専門学校卒や短大卒、高卒の場合、臨床心理士になるには、まず大学に入学するか、大学3年次編入を利用するか、あるいは各指定大学院に問い合わせて「4年制大学卒業程度」と認めてもらわなければなりません。大学院によって科目の名前はさまざまですが、公認心理師と同様に基礎的な科目や基本的な理論、職域に関する科目などを学びます。公認心理師よりも、より臨床(実際の診察)について深く学び、研究法なども履修科目に含まれている場合が多いです。
臨床心理士の受験資格を得るためのルート
臨床心理士資格を取得するためには、おもに次の2つのルートがあります。
①臨床心理士指定大学院(1種、2種)を修了し、必要な年数の心理臨床経験を積む
心理臨床経験とは、教育相談機関、病院等の医療施設、心理相談機関等で心理臨床に関する従事者(心理相談員、カウンセラーなど)としての勤務経験のことで、無給のボランティアや研修員等は対象外です。
第1種指定大学院として定められている大学院に進学した場合は心理臨床経験不要ですが、第2種指定大学院として定められている大学院に進学した場合は修了後に1年以上の心理臨床経験が必要になります。
②臨床心理士専門職大学院において、臨床心理学またはそれに準ずる心理臨床に関する分野を専攻し、専門職学位過程を修了する
この他に、海外での指定大学院と同等以上の教育歴があり、修了後に日本国内において心理臨床歴2年以上を有する人や、医師免許取得者で免許取得後に心理臨床歴2年以上を有する人も受験可能です。

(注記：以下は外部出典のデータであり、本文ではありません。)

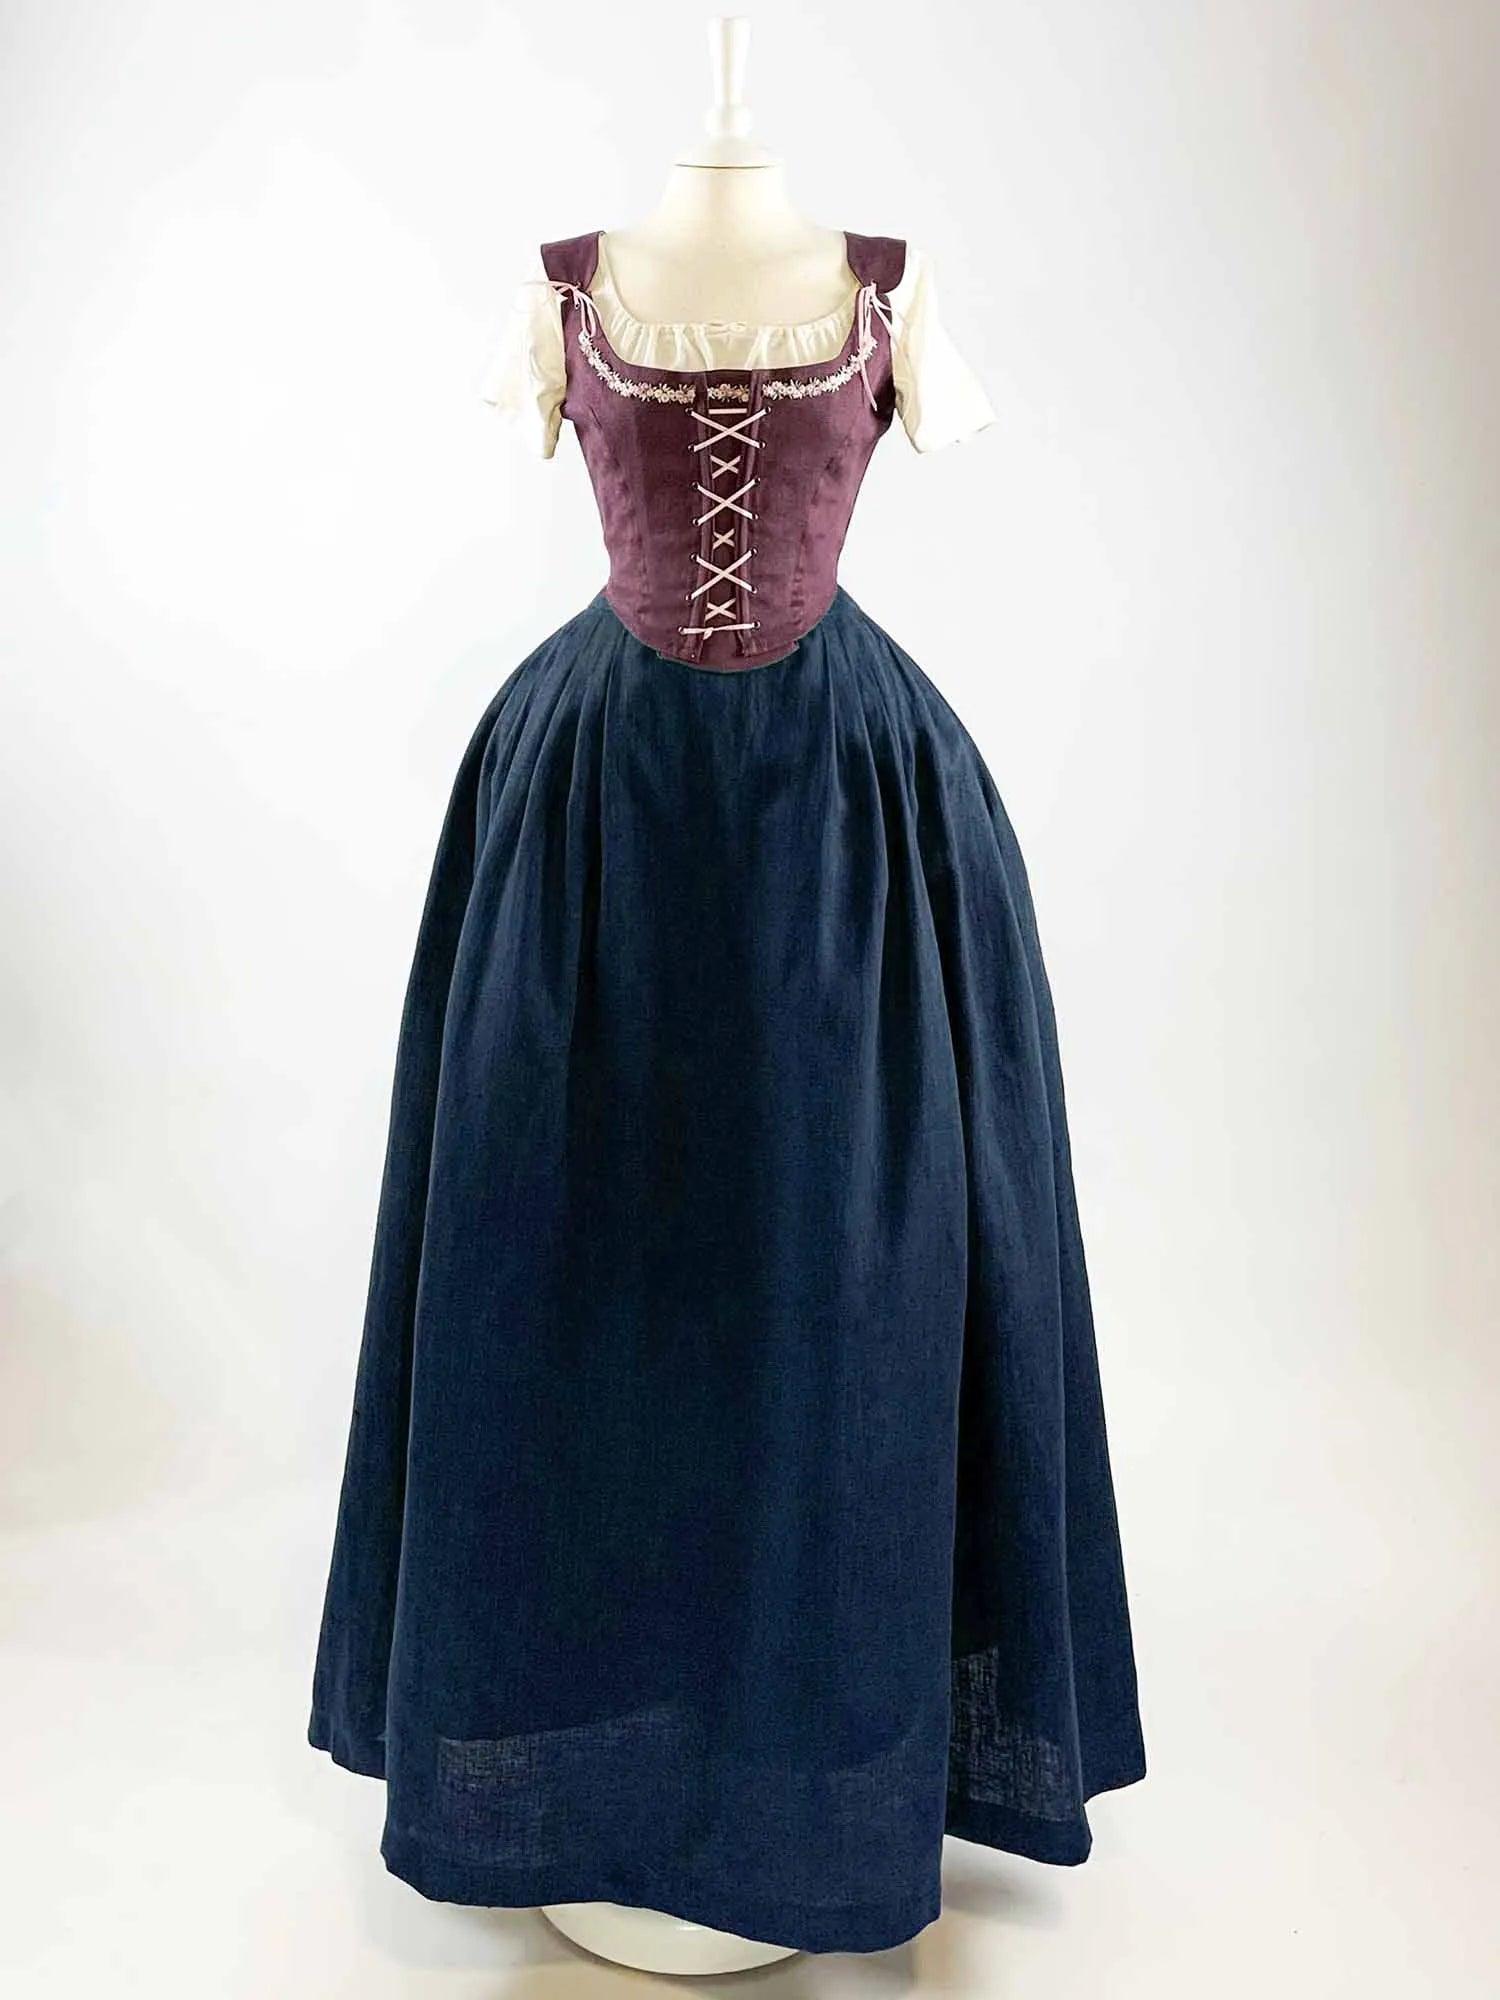 ISOLDE, Renaissance Costume in Purple & Navy Blue Linen - Atelier Serraspina - Costume Renaissance en Lin Violet et Bleu marine

臨床心理士試験の過去5年間の合格率は、60%台で推移しています。また、臨床心理士は資格取得後の自己研修が求められることから、5年ごとの資格更新が義務づけられています。資格更新には、5年間のうちに次のような活動を行い、合計15ポイント以上を取得する必要があります。
〈資格更新に必要な活動の取得ポイント〉
●臨床心理士研修会への参加(講師・発表者)…4ポイント
●臨床心理士研修会への参加(受講者)…2ポイント
●ワークショップ型研修会への参加(講師・発表者)…4ポイント
●ワークショップ型研修会への参加(受講者)…2ポイント
●研究誌・機関誌への研究論文に発表(原著)…10ポイントなど
より専門性が高いカウンセラーを目指すため、「公認心理師」と「臨床心理士」双方の資格を取得する人もいます。